Different from text-image retrieval experiment, we used natural training triplets instead of those generated with category labels. In Parikh and Grauman (2011), each image is assigned a relative strength for each attribute. If face image \(a\) has higher strength for the \(k\) th attribute than image \(b\), then image \(a\) is more-likely paired with the attribute code \(c\) than image \(b\), where \(c\) being a 11-d zero vector except the \(k\)th element being \(1\). Figure 11 shows one example. We used 73,470 training triplets by enumerating all attribute comparison given in the data set.

Fig. 11
figure 11

Illustration of training triplets generated with relative attribute.

figure d
indicates being more likely paired. Face \(a\) is more smiling than face \(b\). Therefore, \(a\) is more likely paired with the smiling (the fourth) attribute code \(c\) than \(b\) with \(c\)

We set \(\overline{n}_1=1\) and \(\overline{n}_2=\overline{n}_3=0\) as attribute-image retrieval is a cross-modality retrieval problem. To tune \(\gamma _2\), \(\frac{1}{8}\) of training data were selected as validation data and the rest as “ training set”. We found that RPSA performed best with \(\gamma _2\) being \(100\).
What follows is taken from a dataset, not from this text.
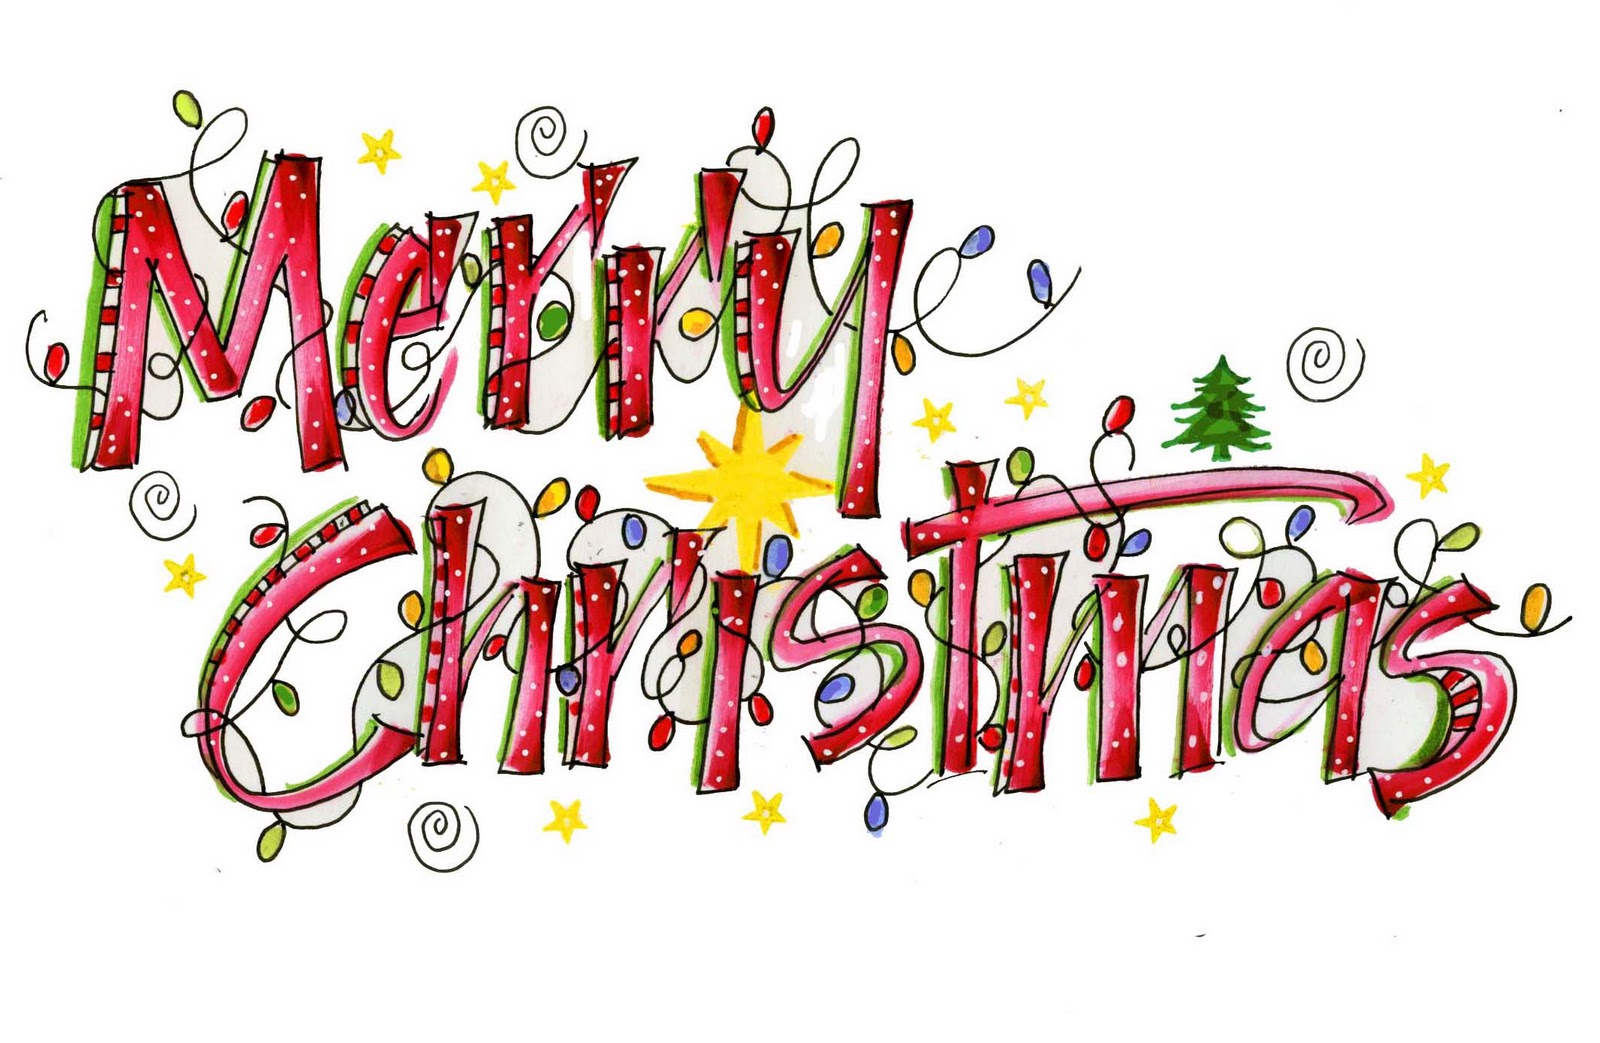 This Merry Christmas Images Clip Art Is Available Only For Personal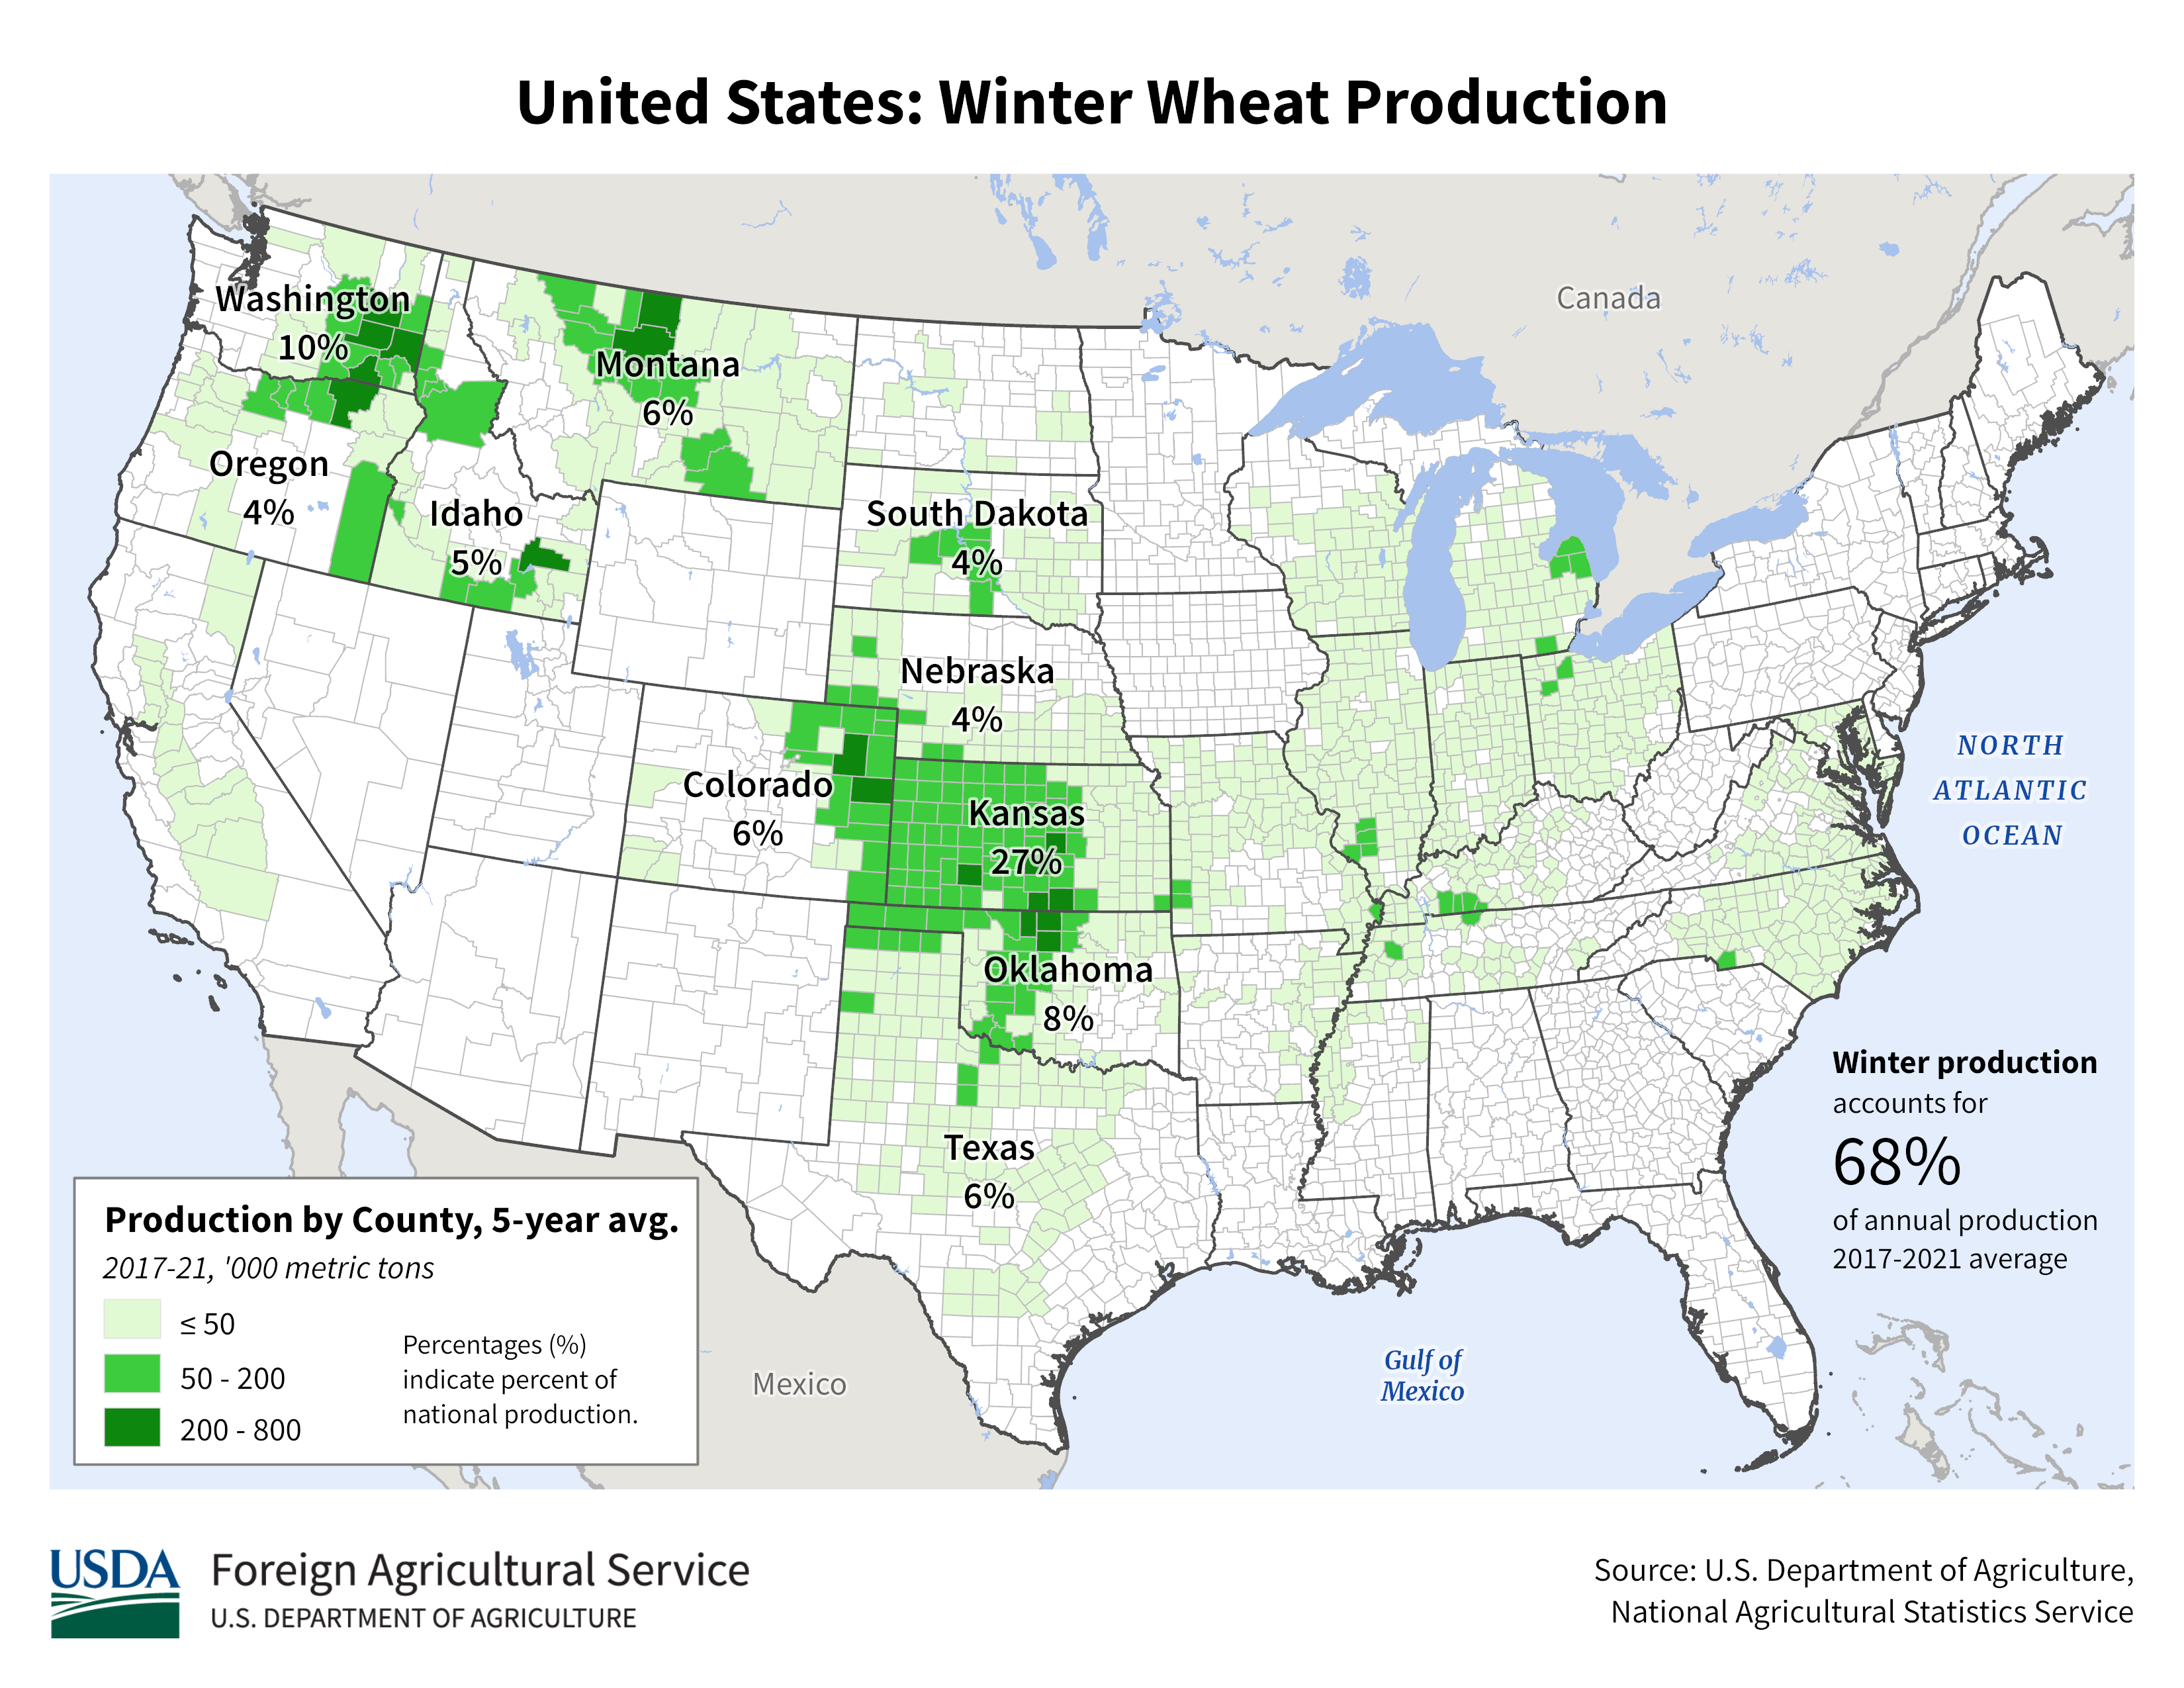 https://ipad.fas.usda.gov/rssiws/al/crop_production_maps/US/USA_Winter_Wheat.png

Therefore, \(\gamma _2\) was fixed to \(100\). In order to evaluate RPSA trained only on natural relative-pairing information, we also reported the performance of RPSA without training pairs (named by RPSA\(_n\)). i.e., \(\mathcal {P}=\emptyset \).

RPSA is compared with CCA and PLS. The results are listed in Table 7. It has been shown that RPSA outperforms its competitors with a large margin. RPSA improves the results of CCA and PLS by 129.7 and \(91.3~\%\) in terms of the average mAP. RPSA\(_n\) is inferior to RPSA. The reason is that training pairs used by RPSA can encourage the projections of exactly-paired observations from different modalities to be identical, which is important in cross-modality pattern recognition or retrieval as discussed in Sect. 5.2. Nevertheless, RPSA\(_n\) is still superior to CCA and PLS. Note that both RPSA and RPSA\(_n\) are trained without category labels.

Table 7 mAP on public figures face database

6 Conclusion and Future work

In this paper, we have proposed a framework called Relatively-Paired Space Analysis (RPSA) which can automatically learn a latent common space between multiple modalities from relatively-paired observations. Relative-pairing can explore more general semantic relationships between observations than absolute-pairing, and allows easy integration of label information. Theoretically, RPSA is a discriminative model which does not assume any parameter or noise distribution, and is a general framework which can be used in any cross-modality pattern recognition. We have evaluated the performance of RPSA by applying it to feature fusion, cross-pose face recognition, text-image retrieval and attribute-image retrieval. Experimental results show that RPSA outperforms other state-of-the-art techniques, some of which are tailored for the particular problems. In future work, we would like to extend RPSA to a nonlinear version.